# Descartes Systems Group (DSG)



## donegal (Nov 7, 2017)

Is this company a buy?


----------



## Just a Guy (Mar 27, 2012)

For some yes, for others no. Did that help? 

It all depends on your knowledge of the company, your investment personality, your risk tolerance, etc. That is different for everyone. Only you can answer that question for yourself.

Are you asking us to do the research for you? That doesn't seem right.

Do you have some insight in the company you'd like to share? Do you have specific questions? Is there something about the company that appeals to you? Try asking a better question, we can be helpful sometime if there's a question that is answerable and not overly broad.


----------



## james4beach (Nov 15, 2012)

I guess this is the only thread on DSG? Surprising considering what an amazing stock this has been.

I hold some DSG in my growth/momentum portfolio. It saw a big gain today on some massive volume -- does anyone know why? Based on the volume it looks like some kind of event happened.


----------



## james4beach (Nov 15, 2012)

Answering my own question: this was quadruple witching day and I see very high volume on many stocks, since options and futures are expiring. I don't think there's anything DSG-specific going on.
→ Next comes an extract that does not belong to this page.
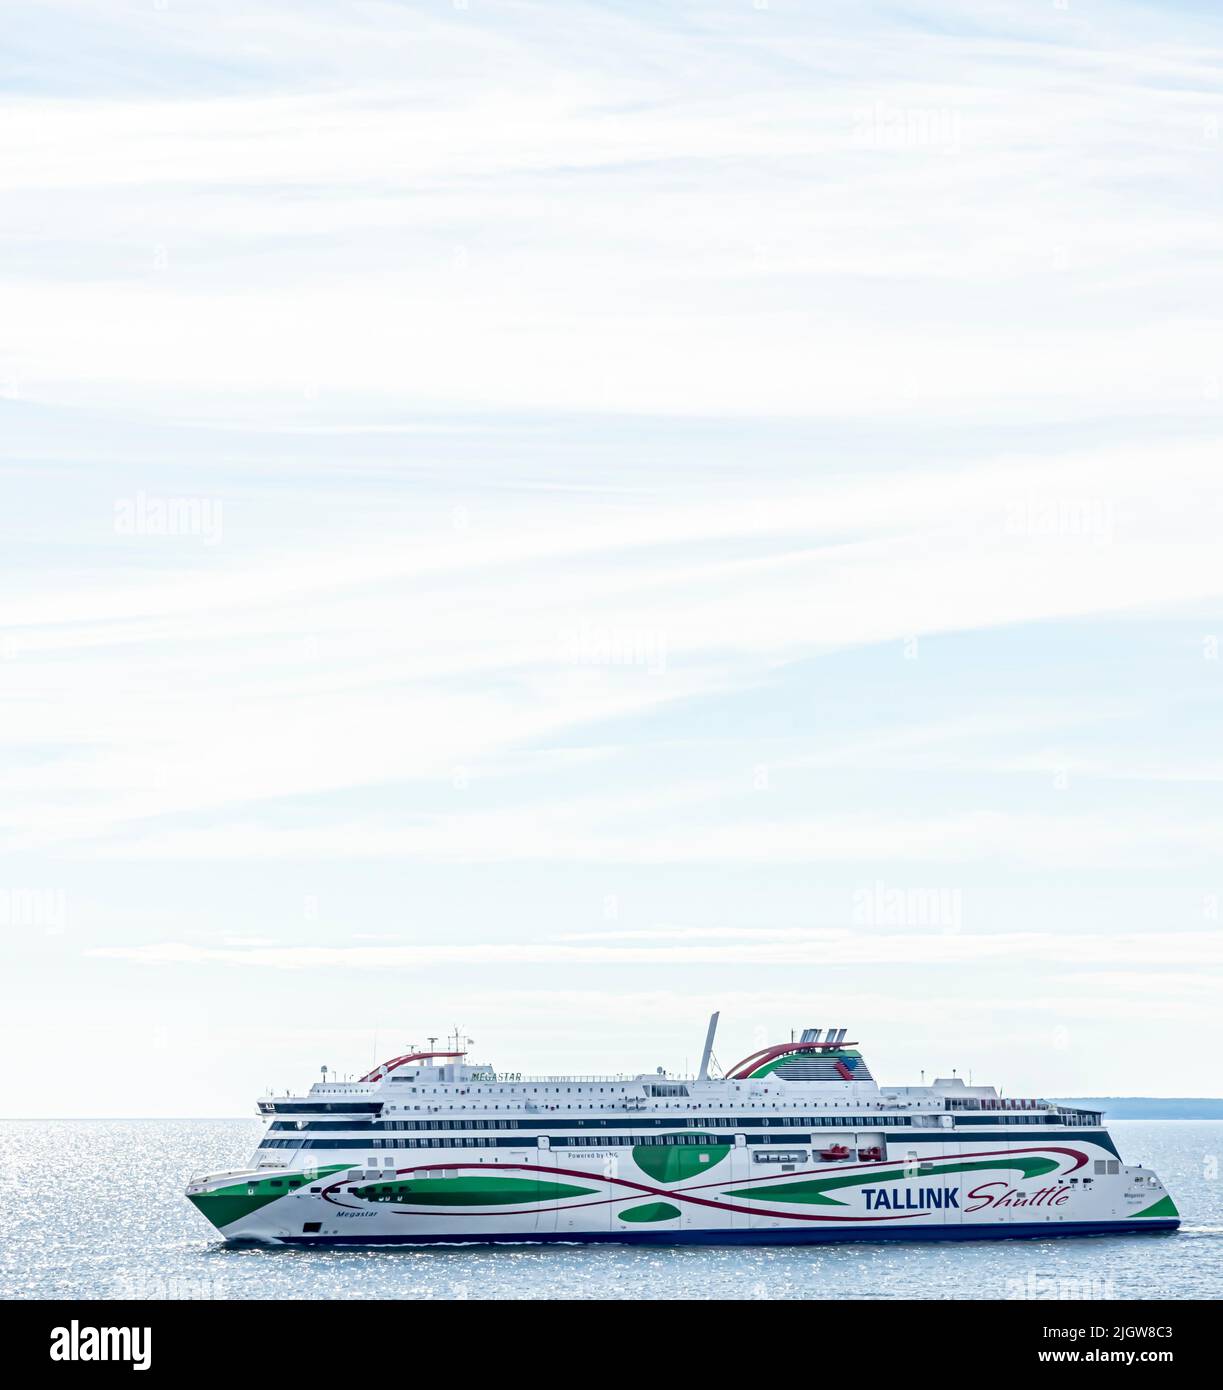 The Tallink ropax ferry m/s Megastar in the Gulf of Finland on a summer day. Room for text. Stock Photo
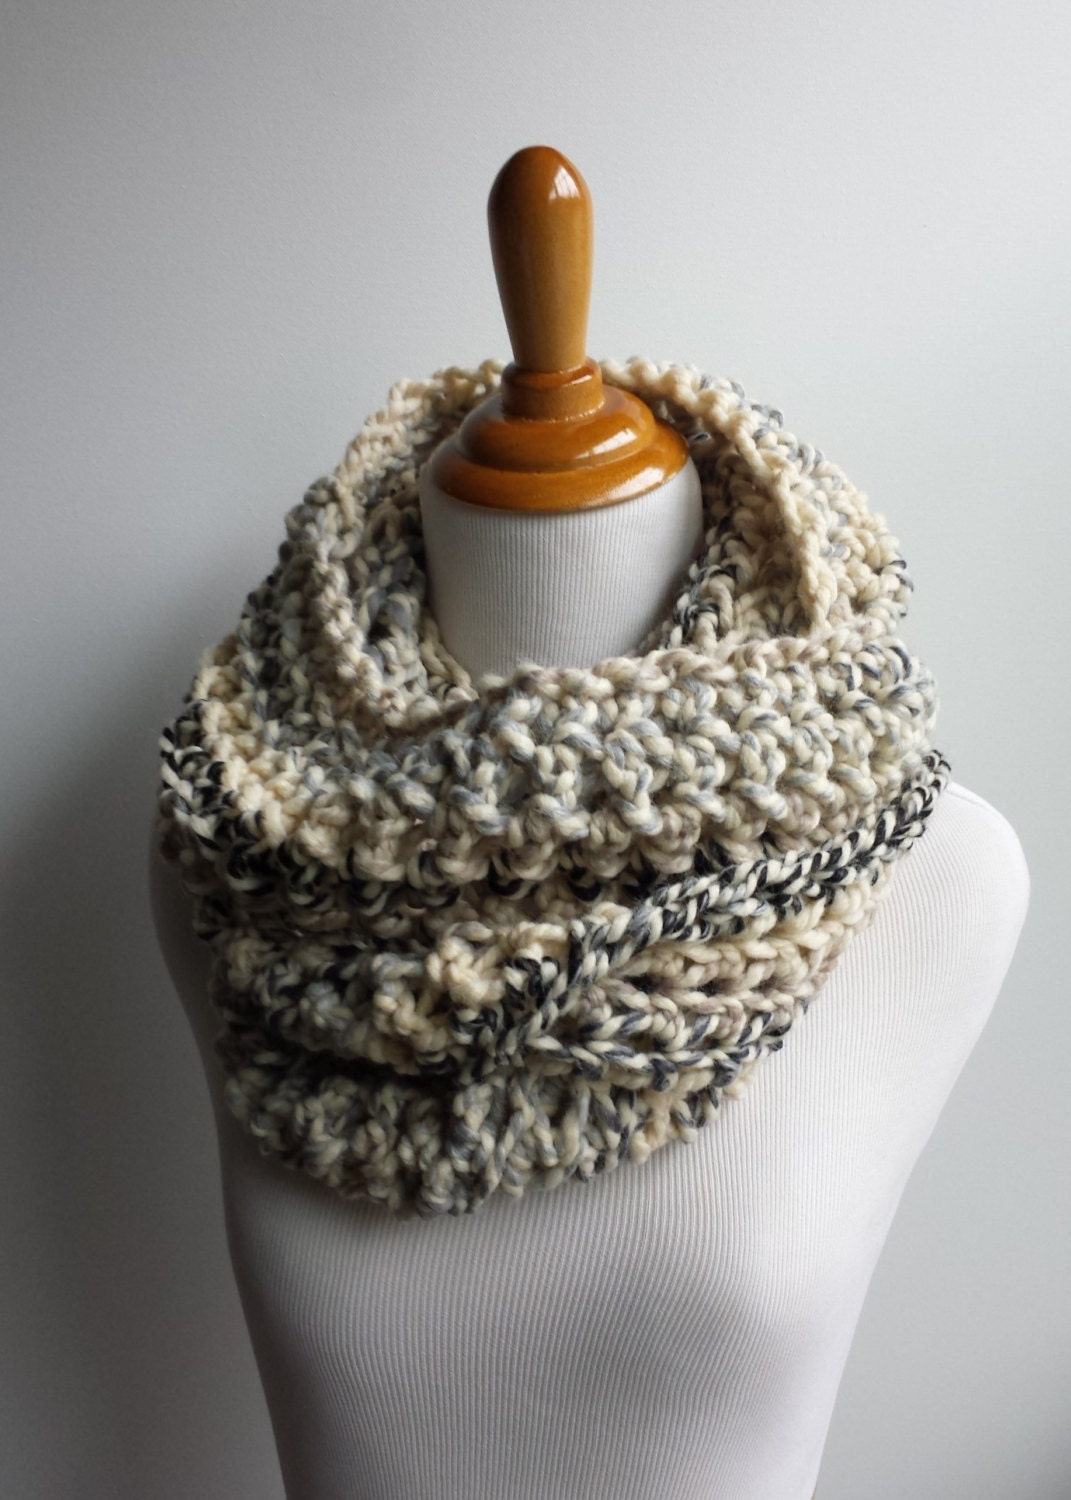 Chunky Scarf Cowl Scarf Infinity Scarf Thick Scarf Circle - Etsy

Here's the 5 year chart of DSG by the way


----------



## MrBlackhill (Jun 10, 2020)

Yes, I don't know why people don't talk much about this top Canadian tech stock. Interestingly, I don't hear that much about CSU neither which is my personal favourite. It seems like people are all talking about the new trending stocks, but they forget about these stocks which had massive returns over the last decade (and are still moving up fast!).


----------



## james4beach (Nov 15, 2012)

MrBlackhill said:


> Yes, I don't know why people don't talk much about this top Canadian tech stock. Interestingly, I don't hear that much about CSU neither which is my personal favourite.


I agree, it's surprising and there is an under appreciating for this incredibly strong sector in Canada.

DSG has been going nowhere for the last 12 months. This looks like one of the rare opportunities where the price is hovering near its 200 day moving average. I'm about to make some updates to my growth stock picks and might add more to my existing DSG position.

In any case, I continue to hold both DSG and CSU. That massive spin-out on CSU was a very pleasant surprise! I have no complaints about these stocks.


----------



## james4beach (Nov 15, 2012)

james4beach said:


> DSG has been going nowhere for the last 12 months. This looks like one of the rare opportunities where the price is hovering near its 200 day moving average. I'm about to make some updates to my growth stock picks and might add more to my existing DSG position.


DSG has rocketed higher. I wanted to add more, but it's already one of my heaviest weights so I decided to leave it as is. In my growth portfolio, CSU & DSG are my largest positions and make up 24% of the portfolio.

The 200 day simple moving average really is a useful tool, when dealing with a stock in an uptrend. I also want to point out that DSG is now 21% higher than the last chart I posted a year ago. Notice that if you entered a year ago, it was entering at a high, and the stock consolidated for a while... then weakened a bit (dipped below the 200 day average) before rocketing higher.

Beautiful. Textbook T/A pattern.


----------